As Outsourcing-Pharma.com previously reported, AllTrials penned an open letter to the Agency imploring them to fine clinical trial sponsors that don’t publish trial results. As part of this call to action, AllTrials launched a tracking tool publically flags sponsors and trials that break reporting requirements. As of today, fines of more than $117m could have been imposed.
While the FDA has yet to impose any fines, Black reiterated during her keynote that the NIH won’t award research grants if it is unable to validate that the applicant registers and publically reports trials.
The public benefits of access to clinical trial information:
- Meet ethical obligation to human subjects
- Inform future research and research funding decisions
- Mitigate information bias
- Evaluate research integrity
- Prevent duplication of trials of unsafe or ineffective medicine
- Enhance patient access to enrollment in clinical trials
“There’s going to be an awful lot of peer pressure to make sure this happens,” she explained. “The goal is to get everybody compliant, not to punish people … The goal is to get the information out there.”
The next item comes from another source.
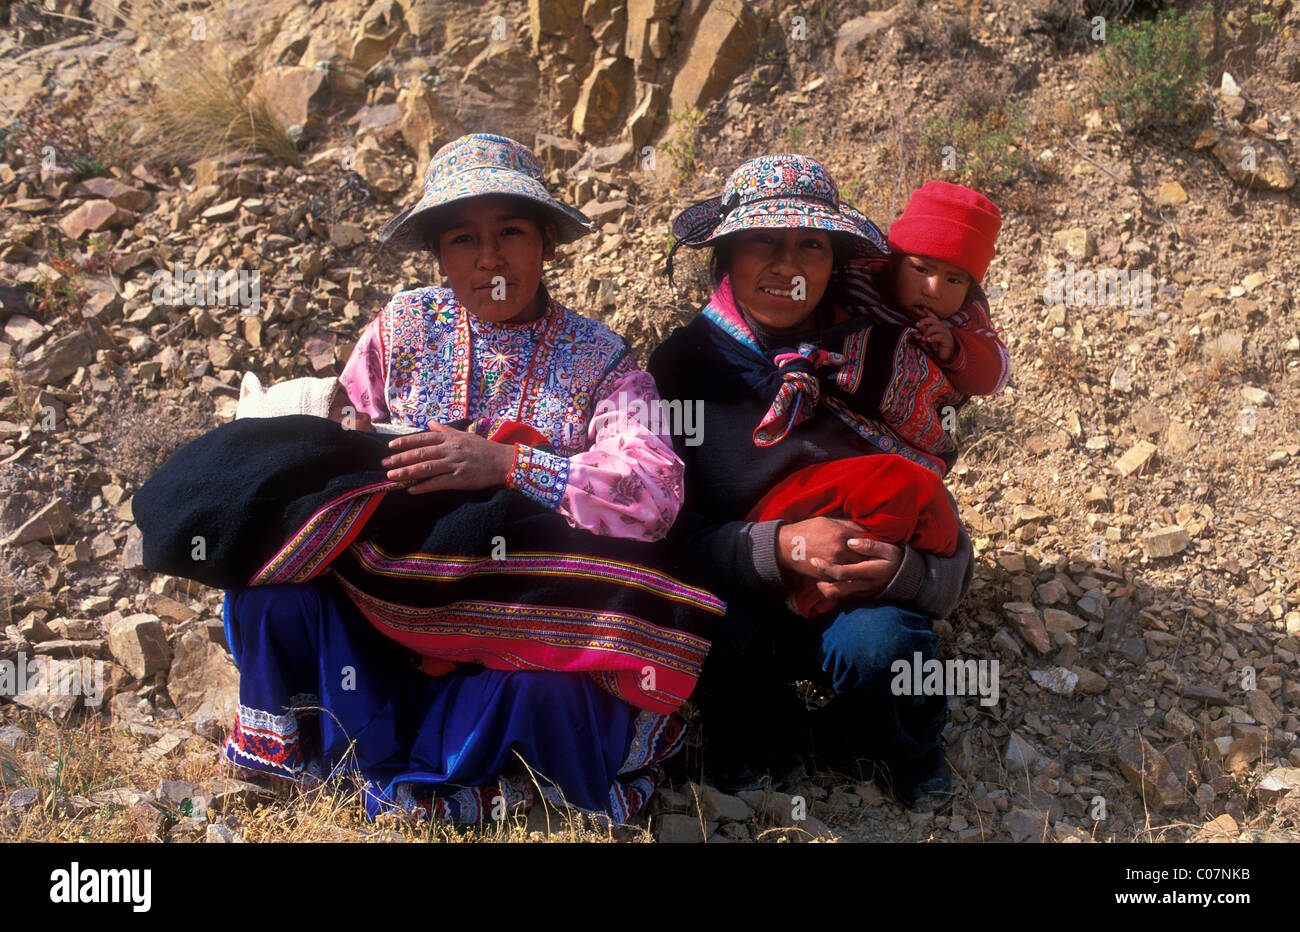 Frauen der indigenen Quechua-Bevölkerung und ihre Kinder in Tracht, Colca Canon, Peru, Südamerika Stockfoto

Without a complete picture, it’s difficult for funders to make good decisions, explained Dr. Rebecca J. Williams, PharmD, MPH, assistant director, ClinicalTrials.gov, National Library of Medicine, NIH.
“You’re not making the best informed decision if all the evidence isn’t in the literature,” she said.
Williams echoed the requirements are meant to increase trust in clinical research enterprise and were not invented to interfere with scientific integrity.
“We are in a new era of public accountability and transparency,” she added, “by making information available it’s also a lot easier for people to see whether or not you have fulfilled your obligations.”
Avoiding past mistakes
More than a quarter of a century ago Ian Chalmers published a report in JAMA titled, “Under reporting research is scientific misconduct.” Since then, the FDA has made several regulatory changes, including those outlined in Section 801 of the FDA Amendments Act of 2007 (FDAAA 801).
But there are still problems – despite the law, Black said, noting that insufficient policies to ensure public access to clinical trial data impedes scientific progress and dishonors research participants.
“If we don’t report our results we will repeat mistakes,” she said.
In an effort to avoid past mistakes, the NIH is now requiring good clinical practice training for those involved in the clinical trial process. The agency is also requiring multi-site trials to use a single institutional review board (IRB), which it says will reduce the time it takes to initiate trials, and together with the FDA has developed an FDA protocol template and has worked to enhance ClinicalTrials.gov.
As the regulatory landscape continues to evolve, Black reiterated that “sharing results should not be optional.”
“This is a problem with the entire system,” she added. “There is a huge cultural problem here … This is a problem we all have to work together to solve.”